For developers deploying LLMs in healthcare, this framework provides a practical inference-time safety mechanism to reduce clinically inappropriate or hallucinated responses.

CareGuardAI introduces a risk-aware safety framework for patient-facing LLMs that addresses clinical safety and hallucination risks via multi-agent guardrails. It outperforms GPT-4o-mini on PatientSafeBench, MedSafetyBench, and MedHallu benchmarks.
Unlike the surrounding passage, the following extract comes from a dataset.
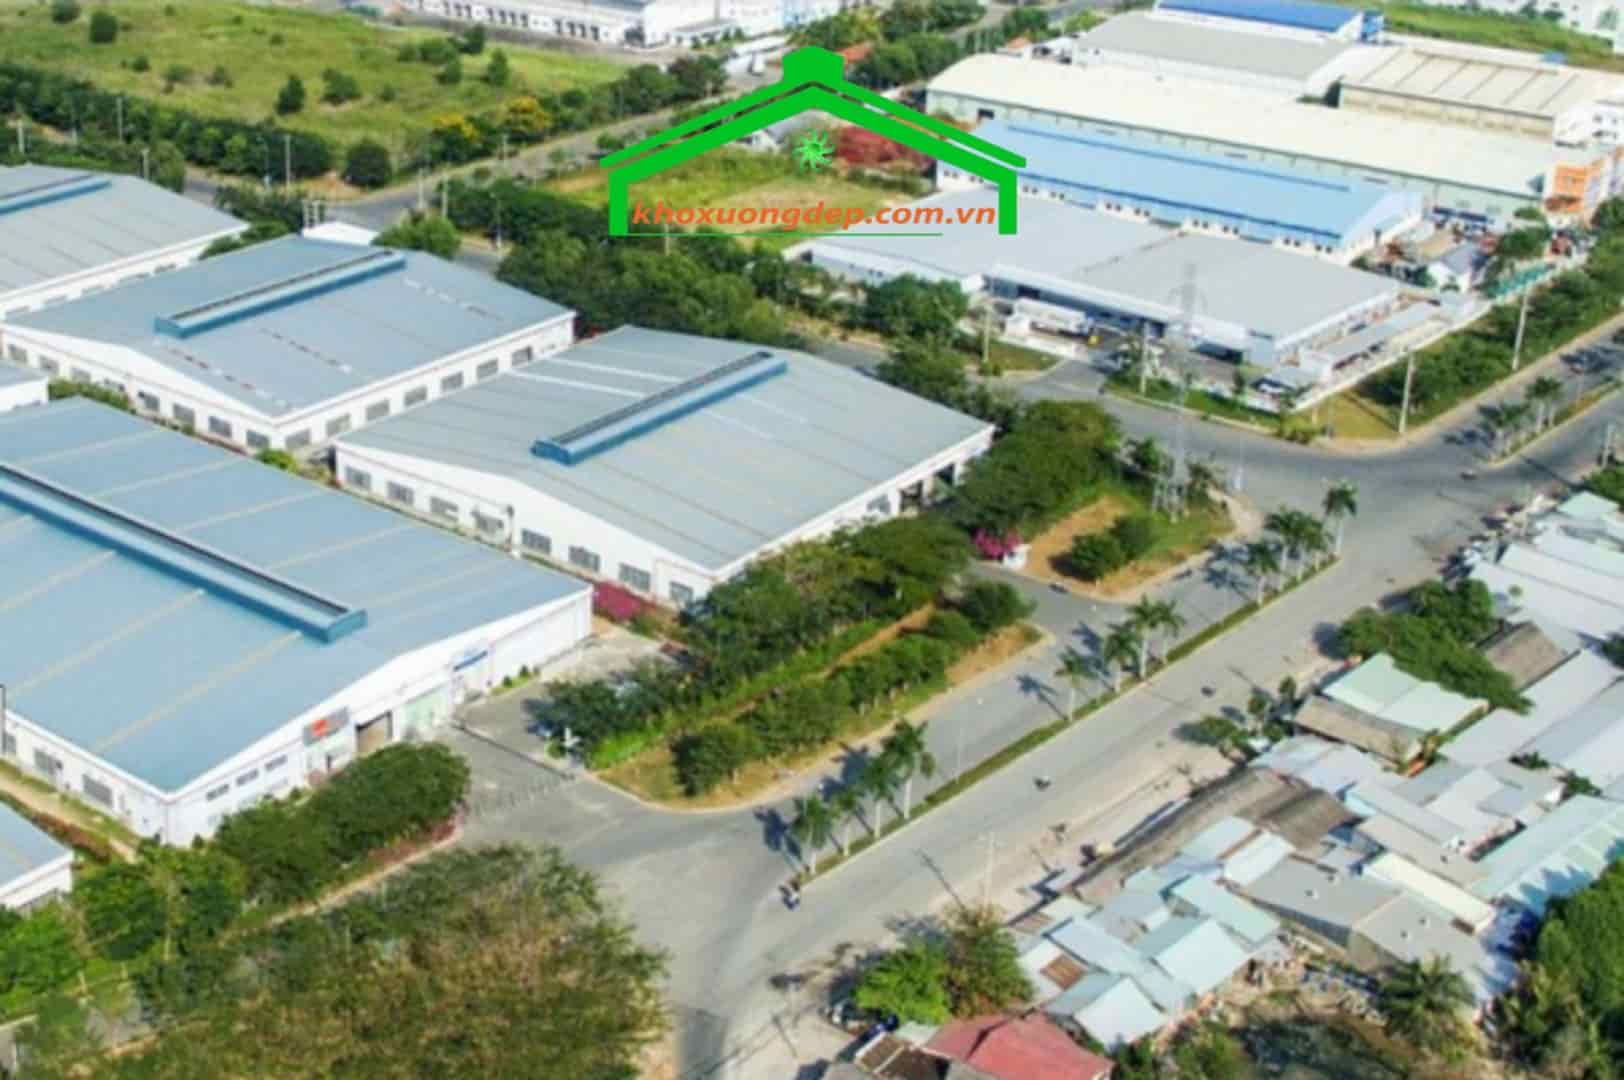 Các ngành nghề được cấp phép đầu tư khu công nghiệp Tân Bình

Integrating large language models (LLMs) into patient-facing healthcare systems offers significant potential to improve access to medical information. However, ensuring clinical safety and factual reliability remains a critical challenge. In practice, AI-generated responses may be conditionally correct yet medically inappropriate, as models often fail to interpret patient context and tend to produce agreeable responses rather than challenge unsafe assumptions. Unlike clinicians, who infer risk from incomplete information, LLMs frequently lack contextual awareness. Moreover, real-world patient interactions are open-ended and underspecified, unlike structured benchmark settings. We present CareGuardAI, a risk-aware safety framework for patient-facing medical question answering that addresses two key failure modes: clinical safety risk and hallucination risk. The framework introduces Clinical Safety Risk Assessment (SRA), inspired by ISO 14971, and Hallucination Risk Assessment (HRA) to evaluate medical risk and factual reliability. At inference time, CareGuardAI employs a multi-stage pipeline consisting of a controller agent, safety-constrained generation, and dual risk evaluation, followed by iterative refinement when necessary. Responses are released only when both SRA and HRA are less than or equal to 2, ensuring clinically acceptable outputs with bounded latency. We evaluate CareGuardAI on PatientSafeBench, MedSafetyBench, and MedHallu, covering both safety and hallucination detection. Across these benchmarks, the framework consistently outperforms strong baseline models, including GPT-4o-mini, demonstrating the importance of context-aware, risk-based, inference-time safety mechanisms for reliable deployment in healthcare.